I am reading your arcticle from Japan being imprressed by and appreciating for your greatest experiment of "roti canai". I have had a kind of yearning for making roti canai since I visited Malaysia for the first time. Your achievement helps me tremendously and many many thanks to your sharing, I finally could make my first roti canai ever in my life! I could not thank you enough. I am enjoying practicing flip-flopping dough.
But at the same time I have some questions about roti canai/prata.
1. Do professional prata men usually put more Ghee/Butter or vegetable oil in dough than your recipe? Because at my first attempt, I used vegitable oil just as much as following your instruction (Enriched version). But it crucially lacks richness and sweet aroma compared to the street roti canai in Malaysia. So, at second attempt I put in Ghee in dough. This time, it smelled good and rich with slightly sweet flavour of Ghee, but I thought it is still not enough mild and soft.

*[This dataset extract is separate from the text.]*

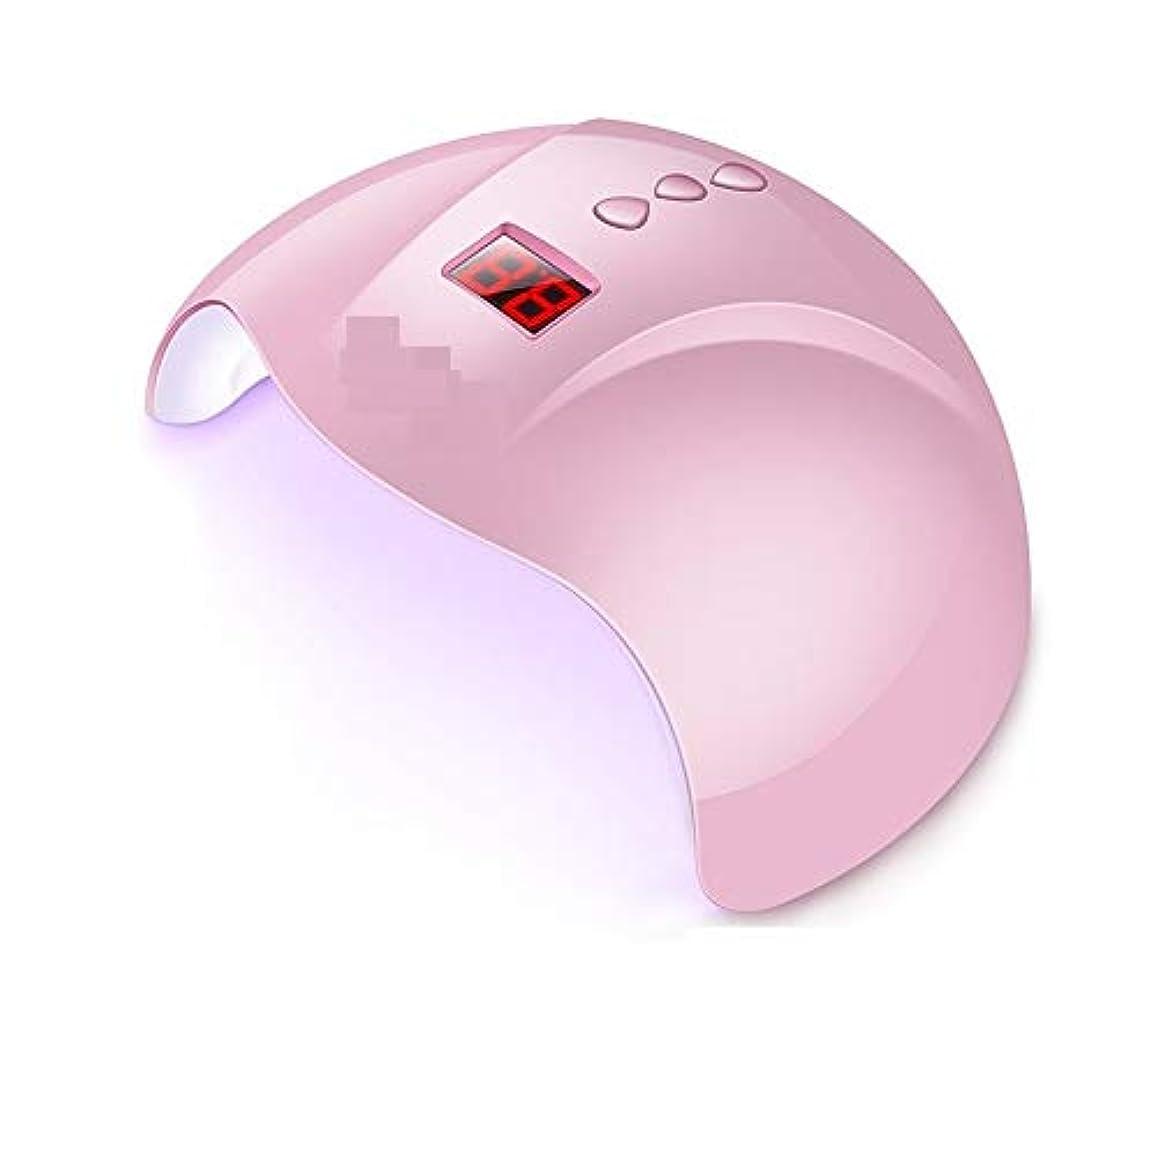 引き算無力キャプテンLittleCat スマートセンサ36WポーランドゴムバンドドライヤーLED + UVランプライトセラピーネイル速乾性ネイルマシン (色 : 36w white)

After heating the dough on the pan, it became like "hard and dried out". Please refer to the attahced image. But at this time I used again vegetable oil for flip-flopping (Because in Japan Ghee is more expensive...)
2. Do you possibly know how to cook "redish dip sauce (with green beans?)" which is ALWAYS served with roti canai? I' am trying to find the recipe online, but I could not reach the right one... It is another biggest mistery of roti canai. I don't think it is chicken curry.